■ **Exercise**: Everything from the first line of the entries through the line containing "simple boceto vectorial" is to be retyped exactly, and nothing beyond it.

■ **Extracted entries**:

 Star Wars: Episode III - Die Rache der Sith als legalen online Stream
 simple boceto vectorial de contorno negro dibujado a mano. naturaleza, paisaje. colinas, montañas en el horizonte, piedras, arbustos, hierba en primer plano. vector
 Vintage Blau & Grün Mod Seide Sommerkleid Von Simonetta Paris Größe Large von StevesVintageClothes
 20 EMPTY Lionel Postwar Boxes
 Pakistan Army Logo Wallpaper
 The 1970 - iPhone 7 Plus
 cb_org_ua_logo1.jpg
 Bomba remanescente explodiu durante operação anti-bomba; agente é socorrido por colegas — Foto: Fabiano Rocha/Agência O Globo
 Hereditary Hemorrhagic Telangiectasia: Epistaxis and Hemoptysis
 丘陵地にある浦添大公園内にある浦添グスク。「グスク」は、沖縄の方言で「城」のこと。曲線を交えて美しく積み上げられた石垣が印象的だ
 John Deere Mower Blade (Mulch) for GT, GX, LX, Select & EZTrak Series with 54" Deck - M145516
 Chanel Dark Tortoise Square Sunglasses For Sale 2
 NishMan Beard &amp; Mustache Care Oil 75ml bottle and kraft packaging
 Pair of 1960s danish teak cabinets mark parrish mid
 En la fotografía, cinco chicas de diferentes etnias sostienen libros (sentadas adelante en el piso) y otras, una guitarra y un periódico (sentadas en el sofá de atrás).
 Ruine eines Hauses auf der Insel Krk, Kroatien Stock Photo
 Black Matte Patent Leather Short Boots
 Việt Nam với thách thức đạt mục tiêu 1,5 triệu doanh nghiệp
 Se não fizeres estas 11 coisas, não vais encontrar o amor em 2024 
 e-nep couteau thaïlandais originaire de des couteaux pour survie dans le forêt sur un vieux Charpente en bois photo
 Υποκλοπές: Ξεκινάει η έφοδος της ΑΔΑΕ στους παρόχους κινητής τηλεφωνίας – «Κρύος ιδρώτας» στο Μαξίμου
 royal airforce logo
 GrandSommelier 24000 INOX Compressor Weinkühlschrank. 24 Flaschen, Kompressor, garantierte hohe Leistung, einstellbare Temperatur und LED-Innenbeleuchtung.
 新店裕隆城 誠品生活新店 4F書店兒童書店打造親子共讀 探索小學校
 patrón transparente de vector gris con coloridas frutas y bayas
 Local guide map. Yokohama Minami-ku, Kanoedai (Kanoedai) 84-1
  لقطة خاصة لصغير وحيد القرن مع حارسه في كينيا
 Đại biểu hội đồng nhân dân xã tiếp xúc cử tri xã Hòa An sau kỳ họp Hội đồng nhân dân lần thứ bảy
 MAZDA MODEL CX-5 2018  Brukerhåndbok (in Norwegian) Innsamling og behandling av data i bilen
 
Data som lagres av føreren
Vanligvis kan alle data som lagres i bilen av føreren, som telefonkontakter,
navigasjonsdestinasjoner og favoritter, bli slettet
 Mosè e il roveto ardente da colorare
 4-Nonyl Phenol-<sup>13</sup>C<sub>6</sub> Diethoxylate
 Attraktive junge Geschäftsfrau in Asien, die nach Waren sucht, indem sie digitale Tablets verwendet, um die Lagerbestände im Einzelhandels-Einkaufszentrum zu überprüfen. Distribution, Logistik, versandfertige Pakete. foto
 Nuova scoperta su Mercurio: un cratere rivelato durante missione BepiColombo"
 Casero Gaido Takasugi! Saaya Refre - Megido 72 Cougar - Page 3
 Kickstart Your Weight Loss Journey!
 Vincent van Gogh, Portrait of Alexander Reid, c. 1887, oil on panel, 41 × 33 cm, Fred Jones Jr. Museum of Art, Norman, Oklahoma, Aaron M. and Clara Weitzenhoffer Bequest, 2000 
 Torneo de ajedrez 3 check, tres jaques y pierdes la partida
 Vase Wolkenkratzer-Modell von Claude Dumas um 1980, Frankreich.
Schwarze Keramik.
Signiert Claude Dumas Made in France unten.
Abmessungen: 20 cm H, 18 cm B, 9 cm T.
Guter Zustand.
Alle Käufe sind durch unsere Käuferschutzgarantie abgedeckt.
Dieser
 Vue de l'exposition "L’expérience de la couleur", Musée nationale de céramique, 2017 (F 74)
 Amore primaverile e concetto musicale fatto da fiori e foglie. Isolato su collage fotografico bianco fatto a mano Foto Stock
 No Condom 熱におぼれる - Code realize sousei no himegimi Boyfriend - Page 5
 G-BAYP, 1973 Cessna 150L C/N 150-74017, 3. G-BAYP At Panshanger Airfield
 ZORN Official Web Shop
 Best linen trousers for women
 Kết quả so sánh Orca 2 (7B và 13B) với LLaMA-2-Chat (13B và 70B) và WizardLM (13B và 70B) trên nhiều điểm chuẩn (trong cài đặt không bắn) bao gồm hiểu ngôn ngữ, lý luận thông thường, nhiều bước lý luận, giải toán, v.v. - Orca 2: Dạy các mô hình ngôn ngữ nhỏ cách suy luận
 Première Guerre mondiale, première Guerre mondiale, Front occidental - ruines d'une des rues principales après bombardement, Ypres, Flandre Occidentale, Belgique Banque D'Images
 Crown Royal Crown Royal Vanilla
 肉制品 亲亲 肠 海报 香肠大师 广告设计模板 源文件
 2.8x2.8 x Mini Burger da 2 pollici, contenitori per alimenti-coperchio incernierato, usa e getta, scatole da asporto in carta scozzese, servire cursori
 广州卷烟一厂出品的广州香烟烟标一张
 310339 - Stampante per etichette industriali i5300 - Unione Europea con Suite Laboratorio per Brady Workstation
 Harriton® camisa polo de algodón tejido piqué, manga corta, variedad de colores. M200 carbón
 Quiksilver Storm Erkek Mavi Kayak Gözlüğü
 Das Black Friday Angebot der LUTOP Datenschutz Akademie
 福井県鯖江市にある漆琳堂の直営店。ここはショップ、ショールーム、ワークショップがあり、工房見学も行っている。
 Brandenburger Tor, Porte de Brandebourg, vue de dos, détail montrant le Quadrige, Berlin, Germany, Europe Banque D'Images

■ **Output of the task**:
 Star Wars: Episode III - Die Rache der Sith als legalen online Stream
 simple boceto vectorial de contorno negro dibujado a mano. naturaleza, paisaje. colinas, montañas en el horizonte, piedras, arbustos, hierba en primer plano. vector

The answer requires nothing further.